Sorin Fedeles, Ph.D.
Yale School of Medicine

I strongly believe that given the combination of advances in genome sciences, AI-enabled drug screening, and pre-clinical model development, the PKD therapeutic landscape as a whole is nearing an inflection point—that is, a stage where novel disease biomarkers in tandem with personalized pharmacogenomic approaches can inform clinical decisions for the next generation of PKD treatments. – Sorin Fedeles, Ph.D.

Learn more about Dr. Fedeles’s research grant and others from 2019 here.

Daria Ilatovskaya, Ph.D.
Medical University of South Carolina

My primary research focus is hypertension and PKD, and the dietary aspects of their development. I am interested to know how the salt we eat can affect these diseases, what damage too much or too little salt can cause, and what the role of hormones is in their progression. – Daria Ilatovskaya, Ph.D.

Learn more about Dr. Ilatovskaya’s research grant and others from 2018 here.

Rebecca Walker, Ph.D.
University of Maryland

I did my doctorate in Dr. Dominic Norris’ lab in Oxford, UK. His lab focuses on “cilia in development and disease,” and had recently worked on a mutant mouse that had left-right patterning defects. This mouse actually had a mutation in Polycystin-2 which caused polycystic kidney disease. Working on this mouse was the basis for my thesis and made me the pioneer of kidney research in Dr. Norris’ lab. This is where my love of kidneys and PKD flourished! – Rebecca Walker, Ph.D.

Learn more about Dr. Walker’s research fellowship and others from 2019 here.

Alessandra Boletta, Ph.D.
San Raffaele Scientific Institute

We’ve discovered that the use of a simple pharmacological compound called 2-deoxy-D-glucose effectively retards disease progression. We also discovered that a much broader metabolic reprogramming occurs in the disease, including compensatory glutaminolysis. Our prediction is that acting on both simultaneously will result in an amplification (rather than in a sum) of the efficacy of treatment, and we are currently testing this hypothesis on animal models. – Alessandra Boletta, Ph.D.

Learn more about Dr. Boletta’s research grant and others from 2018 here.

Feng Qian, Ph.D.
University of Maryland

“Our results suggest that (i) PC1 may form a complex with itself and (ii) PC1 and PC1/PC2 may interact with different mitochondrial proteins that are critical for mitochondrial structure and function. This information is important for our understanding of polycystins regulation of mitochondrial function, which was previously implicated in ADPKD progression. – Feng Qian, Ph.D.

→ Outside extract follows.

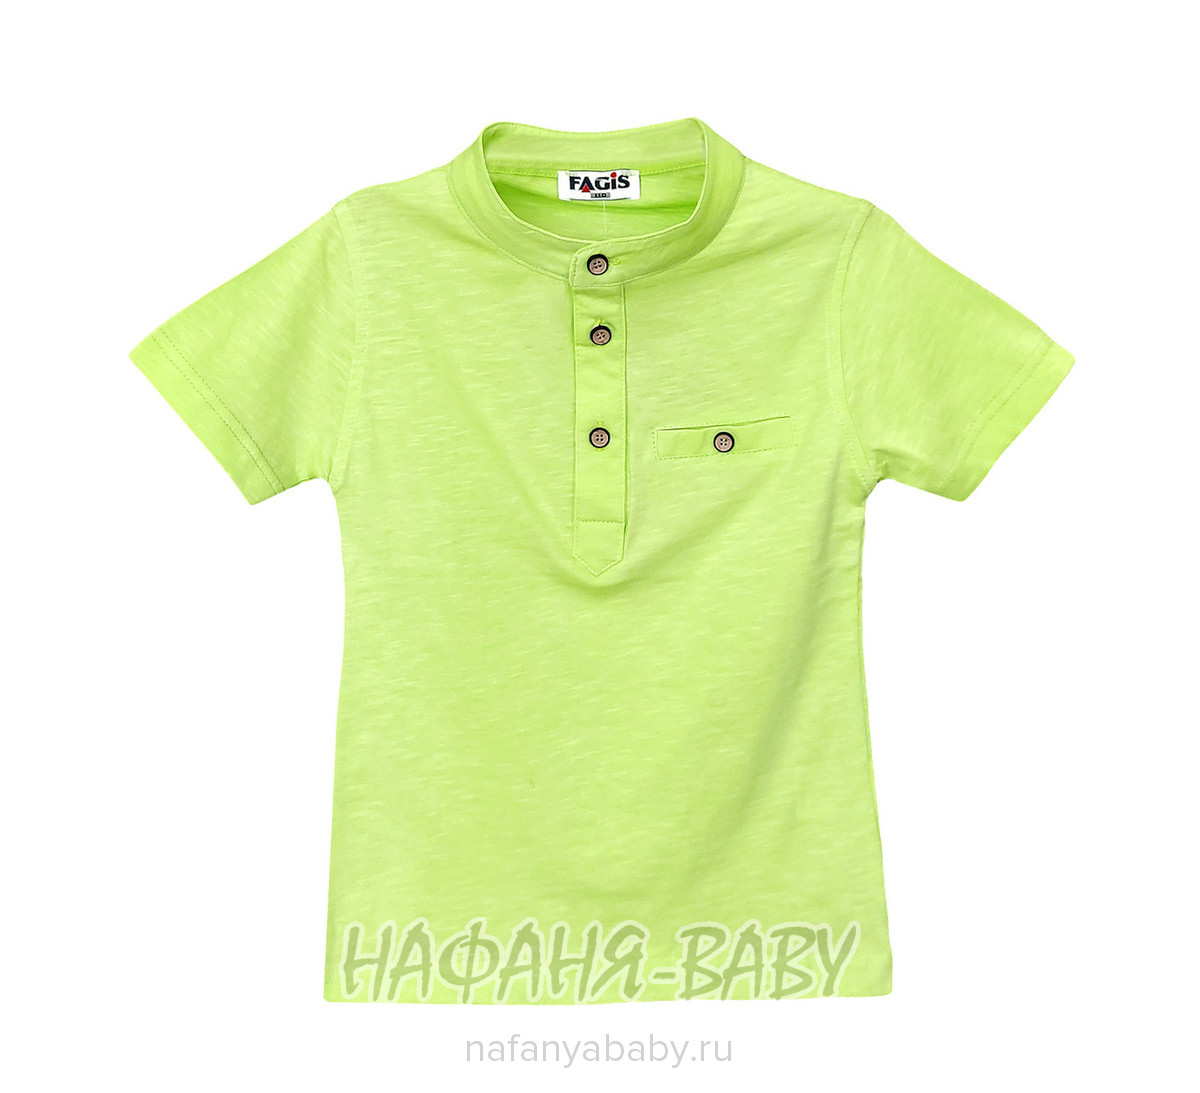 Детская футболка FAGIS , купить в интернет магазине Нафаня. арт: 9011.

Learn more about Dr. Qian’s research grant and others from 2019 here.

Liudmila Cebotaru, J.D., M.D.
Johns Hopkins Medical Center

Our research demonstrates that the corrector, VX-809, reduces cyst growth, both in mice and in 3D models. The mice had better renal function and less cystic growth. The VX-809 also reduced the levels of heat shock proteins in the mouse kidneys, consistent with the restoration of cellular proteostasis. – Liudmila Cebotaru, J.D, M.D.

Learn more about Dr. Cebotaru’s research grant and others from 2019 here.

Karel Liem, Ph.D.
Yale University

Polycystin proteins function in renal primary cilia to regulate a pathway important to kidney functional homeostasis. In mouse models of ADPKD, we found that the Hedgehog pathway had no significant effect on polycystic kidney disease initiated by Pkd1 inactivation, excluding it as a functional cell-autonomous component of kidney cyst formation in these ADPKD models – Karel Liem, Ph.D.

Learn more about Dr. Liem’s research grant and others from 2018 here.

Jing Zhou, M.D., Ph.D.
Brigham and Women’s Hospital

“Our findings advocate an essential role of polycystins in the structure and function of the primary cilia and implicate β-catenin as a key inducer of cystogenesis downstream of the primary cilia. Our data suggest that modulating cilium length and/or its associated signaling events may offer novel therapeutic approaches for ADPKD. – Jing Zhou, M.D., Ph.D.

Learn more about Dr. Zhou’s research grant and others from 2018 here.

Xiaogang Li, Ph.D.
Mayo Clinic

 Our research will identify the methylation of specific genes in PKD associated signaling pathways and in pathways not previously studied in PKD, which should forward our understanding about the roles of DNA methylation in ADPKD progression.  – Xiaogang Li, Ph.D.